Дневник 1919 - 1933 (Прокофьев) - страница 51


10 января

Весь день провёл у телефона в ожидании звонка о свидании с Памом. Звонил сам несколько раз, но Johnson как в воду канул. Вечером рассвирепел и поехал в театр искать Johnson'a. По дороге уговорил себя не сердиться и напомнил слова адвоката: что бы ни случилось - не сердитесь, пусть сердятся другие. Johnson'a нашёл и разговаривал с ним любезно. Там же вскоре появился и Пам, который действительно приехал только к вечеру. Пам (маленький человек с бородкой и брюшком) посмотрел на меня сердитыми глазами, вероятно, за пятнадцать тысяч. Назначили разговор на послезавтра в двенадцать.


11 января

Сегодня опять тихий и медлительный день. Работал над либретто второго акта. Вечером профессор Новаковский говорил, что сведения о нашествии большевиков si Кавказ сильно преувеличены. Хотя я ему не особенно верю, но приятно чуть-чуть убаюкать себя насчёт ужасов, которые могут ожидать маму.

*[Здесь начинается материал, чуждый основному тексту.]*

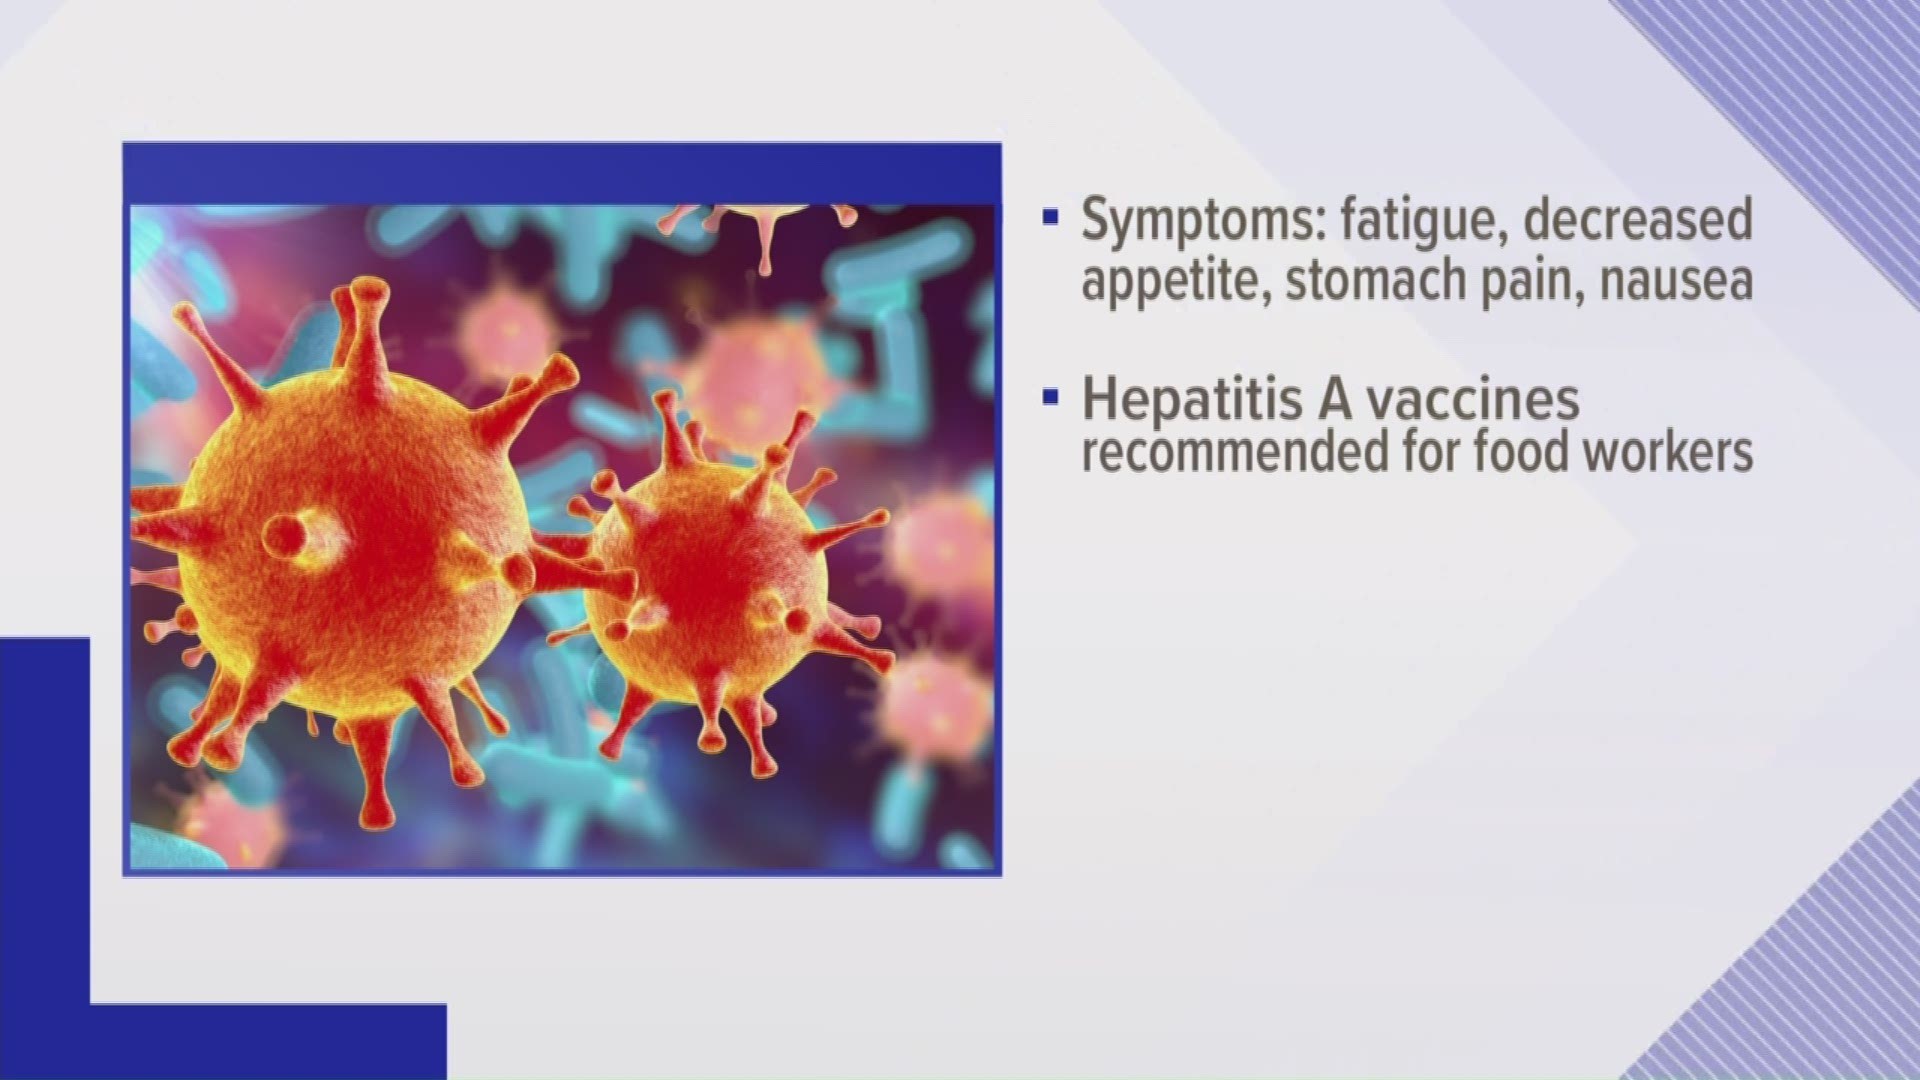 Hepatitis A is usually transmitted by putting something in your mouth such as an object, food or drink, which has been in contact with the feces of an infected person.

А вдруг большевики и не покроют Кавказ?


12 января

В двенадцать часов должно было наконец состояться решительное побоище на -предмет «Трёх апельсинов». Так как я прибыл туда на полчаса раньше, то пошёл гулять по Michigan Avenue, где в витрине я высмотрел чудесный чемодан особенной кожи, покупкой которого я решил отпраздновать заключение нового контракта и получение моей «годовой пенсии» в случае, если всё удастся.

Когда ровно в двенадцать я пришёл в офис, то мне пришлось ещё ждать, так как Пам предварительно совещался с Johnson'ом. В полпервого я был приглашён в кабинет и разговор втроём длился два с половиной часа.

Начался он длинной речью Пама. Тут было обо всём: и о просветительском значении Чикагской оперы, и об убытках, которые они несут, и возможностях, которые мне открываются, и о старании как можно лучше дать мою оперу, и о риске, который они несли, принимая неизвестную вещь, и о том, что в этом сезоне они могли бы исполнить, но исполнили бы скверно, а в будущем исполнят хорошо и потому я безусловно выигрываю от того, что они откладывают. Резюме: что хотя они имеют право на пять спектаклей в будущем году по двести долларов, но они готовы предложить мне восемь по двести пятьдесят. Я выслушал всё терпеливо и прилично, кивая головой и давая понять, что очень уважаю их намерения, но, когда дело дошло до жалкого предложения с таким достоинством сообщённого, я не выдержал и засмеялся, хотя и одними уголками губ. Пам, который говорил уже минут двадцать и был уверен, что он меня убеждает, вдруг понял, что всё зря, и сразу осёкся. Тогда я возразил на отдельные пункты, главным образом указывая, как и почему они могли дать оперу в этом сезоне (на что Пам и Johnson, в свою очередь, возражали), а затем сказал, что об их предложении, конечно, не может быть и речи, что я понёс большие потери, которые я уже объяснял Johnson'y и которые я ему сейчас повторю, и что я прошу у них десять тысяч в качестве компенсации. Пам разгорячился, пошёл красными пятнами и вообще с этого момента вёл себя нервно и невежливо. Johnson, наоборот, был всё время скромен и незначителен. Я все два с половиной часа сохранял тон безукоризненно приличный.